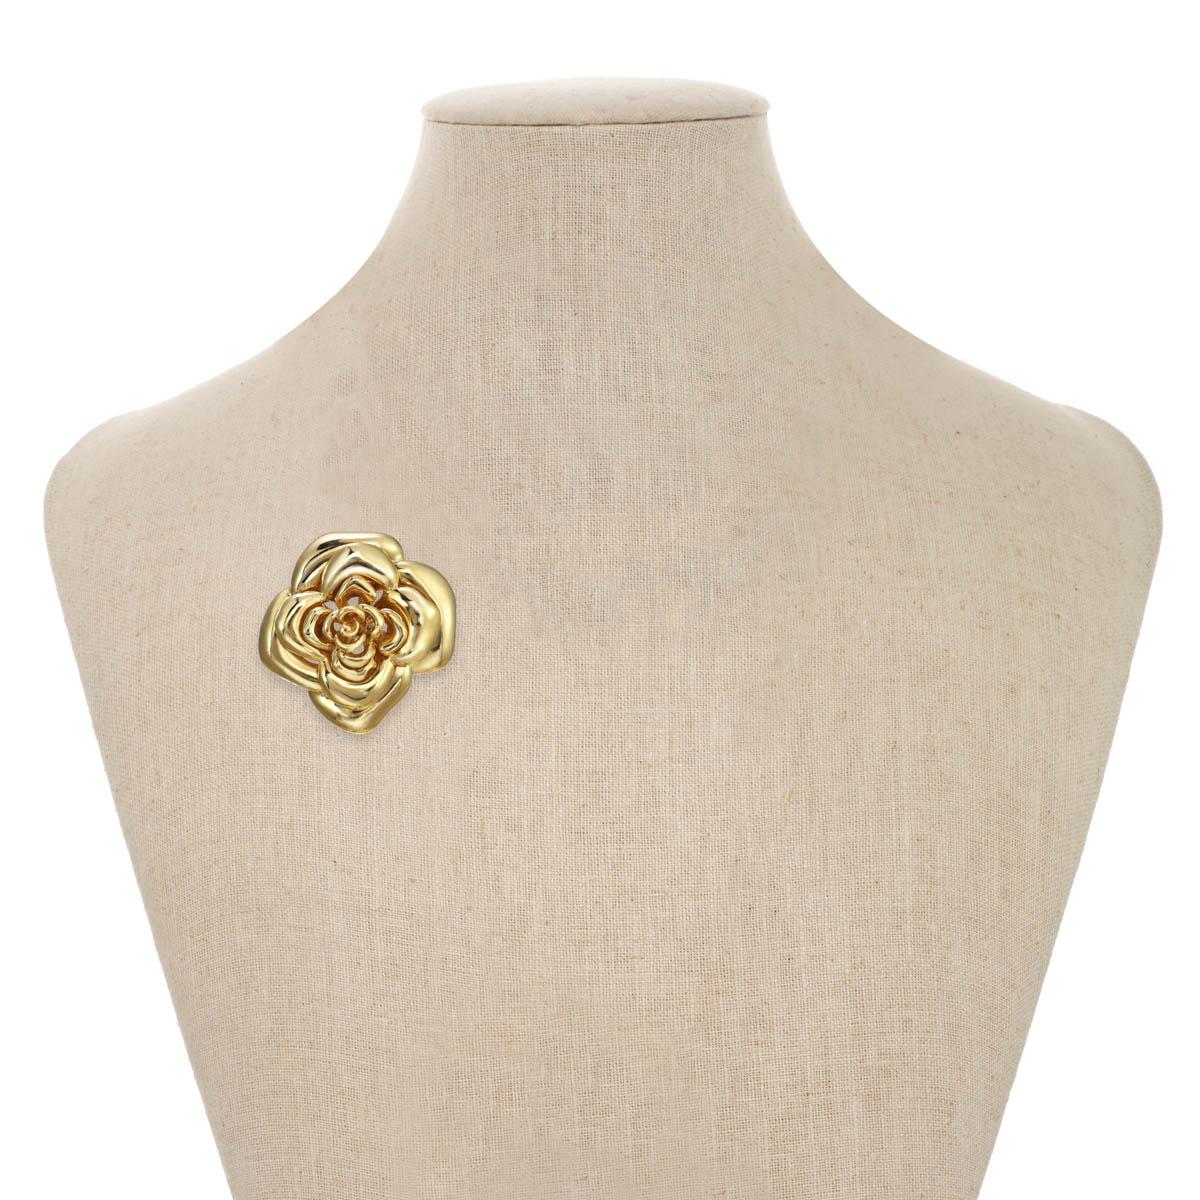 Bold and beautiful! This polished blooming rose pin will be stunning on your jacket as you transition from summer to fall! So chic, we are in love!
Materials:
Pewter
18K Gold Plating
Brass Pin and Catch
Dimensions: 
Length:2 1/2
==========
*Problem requirements*:
Nothing in the records should be changed in the copy, but the pictures must be left out.

*Problem solution*:
 Bold and beautiful! This polished blooming rose pin will be stunning on your jacket as you transition from summer to fall! So chic, we are in love!
Materials:
Pewter
18K Gold Plating
Brass Pin and Catch
Dimensions: 
Length:2 1/2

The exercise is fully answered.